- Battle of Paterna: Part of the Reconquista
| Date | 1065 |
| Location | Paterna, Province of Valencia, Spain |
| Result | Leonese victory |

Belligerents
- Kingdom of León: Taifa of Valencia

Commanders and leaders
- Ferdinand I of León and Castile: Abd al-Malik ibn Abd al-Aziz al-Muẓaffar

= Battle of Paterna =

Military conflict

The Battle of Paterna (Paterna, 1065) took place between the troops of the Kingdom of León, under the command of Ferdinand I of León and Castile, and those of the Taifa of Valencia, commanded by Abd al-Malik ibn Abd al-Aziz al-Muẓaffar. The battle occurred at the same time as the Siege of Valencia, resulted in a victory for the Kingdom of León.

== Historical context ==
In 1063, Fernando I of Leon sent his son, the infante Sancho to the aid of his vassal, Ahmad al-Muqtadir, king of the Taifa of Zaragoza when his city of Graus was being besieged by the forces of Ramiro I of Aragon. Consequently, Ramiro, who was Fernando's brother, would be defeated and killed.

In the aftermath of that battle, there ensued a mass slaughter of Christians. To appease public support, Ahmad al-Muqtadir stopped paying his vassal tribute to the Kingdom of León. King Fernando responded in 1065 by launching an expedition into the valley of the Ebro River, devastating the land and defeating al-Muqtadir, once again forcing him into a vassal state.

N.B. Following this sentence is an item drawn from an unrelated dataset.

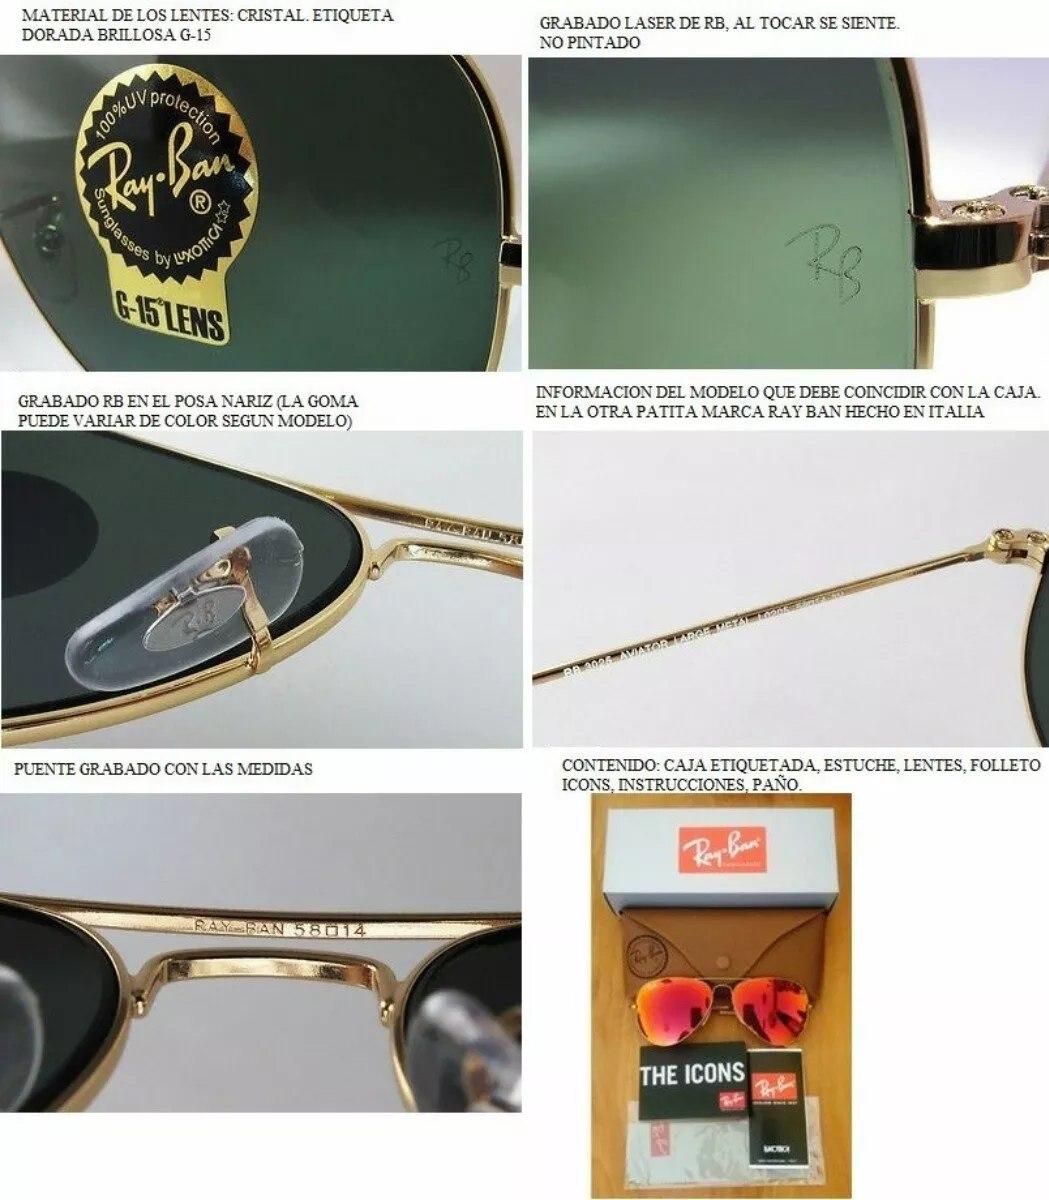 gafas ray ban aviator modelo 3025

The expedition continued on towards the Taifa of Valencia, governed by Abd al-Malik ibn Abd al-Aziz al-Muẓaffar, with the intent on also turning that city into a vassal state.

== The battle ==
After besieging the city, Ferdinand I found the city's defenses to be extremely resilient and determined that it would be impossible to take them by an assault. The king therefore decided to call for a general retreat from the city. The Muslim defenders of Valencia exited the city and began to harass the retreat of the Leonese forces. At Paterna, approximately five kilometers from Valencia on the left bank of the Turia, the Leonese troops set an ambush for the pursuing forces. The Valencian attackers were surprised and wiped out almost to a man. It was said that Abd al-Malik only escaped due to the speed of his horse.

The poet Abu Ishaq al-Tarasuní related the occurrences of the battle in the following verses translated from Spanish:

"The Christians were clad in bright armour, but ye were arrayed in silken robes of various colours.

Partana is the spot where your valour and their cowardice became once more manifest."

Se habían puesto las cotas de malla de hierro mientras vosotros vestíais túnicas de seda cada cual más bella,... que feos resultaban ellos y qué hermosos vosotros si no hubiera sido por lo que pasó en Paterna.

== Aftermath ==
After the battle, King Ferdinand I once again resumed the siege of Valencia. Later during the siege, Ferdinand became ill and once again ordered a retreat back to León where he died on December 27 of the same year, 1065.